No one who hasn’t been through it can imagine the shock and anguish of getting a call in the middle of the night telling you that your loved one won’t be coming home for a long time. My anxiety was heightened because my application for Australian Permanent Residence had not yet been approved. I was terrified that Charles’s arrest would somehow result in me being deported.

Too traumatised and demoralised to think about holding a 'real' job, I started working in telemarketing, a field where demoralised and desperate employees are in demand because they are easily bullied. I did market research surveys, flogged phone cards, answered the phone in a brothel, spruiked photocopying services, and arranged telephone and internet connections. The nadir of my career was manning the phones for a shonky company famed for its late-night infomercials.

This is how I earned my living for five-and-a-half years. During this time, I gained twenty kilos, became addicted to anti-depressants, lost the lease on my lovely flat, and bounced through a series of wacky house-shares. I accomplished only two things in these wasteland years: getting orthodontia to correct my overbite, and getting published.

This happened only because I was home one day with a cold. Bored and broke, I wrote a frothy, romantic short story in between sneezes, and sent it off to a women’s magazine. Three days later, I got a phone call from an ecstatic editor. “We love your story!” she shrieked. “Send us more of your work!” Calls like this from editors were my only moments of joy during those wretched years.

Four years from the night my world collapsed, my life was slowly getting back on track. I had a tolerable call centre job where my boss liked me and protected me from the senior managers who did not. I started bicycling to work and the blubber started to melt away. Charles seemed likely to get parole. I started wondering if I should start writing seriously instead of writing fluff for pin money.

I put a notepad in my cubicle and started sketching out ideas for a novel in between redeeming customers’ credit card reward points. Thanks to Charles’s stories from clink, and what I’d witnessed on prison visits, I had plenty of material.

I was particularly troubled by the children and teenagers I saw on prison visits. Many of the babies looked unhealthy, with eyes that reflected worried puzzlement. Some of the toddlers were abnormally still, as if they were afraid of being hit if they moved. The most heartbreaking were the children in the care of junkie mothers. I still remember two blond angels who were so hungry for attention that they ran up to me, grabbed hold of my hands, and engaged me in conversation (their mother was busy telling another junkie that she’d bought some 'stuff' off so-and-so).

What becomes of a child whose father is in jail and whose mother is incompetent or absent?

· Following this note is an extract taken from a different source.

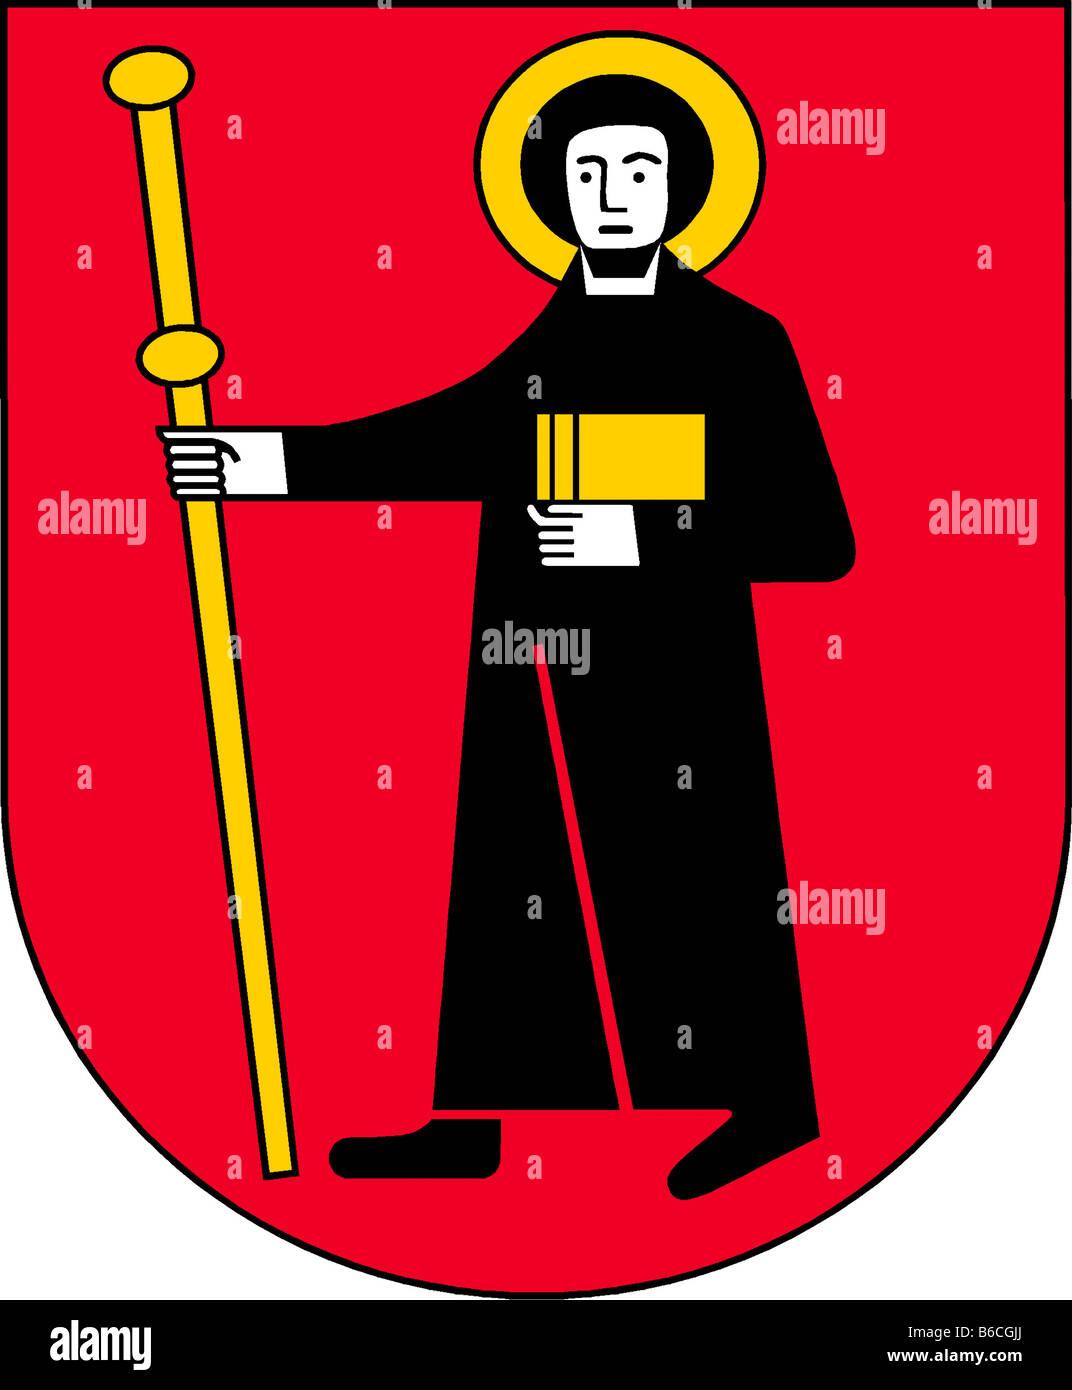 illustration flag of canton of glarus switzerland - Stock Image

This question, which haunted me like the faces of those two children, became the basis for Riggs Crossing.

I started writing in the first person, thinking of the faces of the kids I’d seen to try to find the right voice. I remembered the desperately unhappy-looking sixteen-year-old girl who’d been tasked with holding her mother’s youngest baby. Mum was too busy being lovey-dovey with her much-younger gangster boyfriend to tend to the baby or her four other children.

I thought of the teenage girl with razor-sharp cheekbones and eyes like cold blue steel, her curly hair scraped back into a tight bun. I wondered about the morbidly obese kid who’d been clothed by someone who thought it was fine to let a ten-year-old wear a t-shirt featuring a pro wrestler giving the finger with both hands.

A single voice emerged as the narrator of Riggs Crossing, and the other faces became supporting characters.

Charles was released on parole, I quit call centres, and Riggs Crossing made the rounds of the publishers. The book found a home at the sixth publisher I sent it to.

Charles tended bar at my book launch, at which one of the guests was a friend who’d been made into a character in the book. As I signed copies and gave a reading for my guests, I wished that those prison visit kids who’d inspired my novel could be there. It would be my dearest wish that they someday read my book.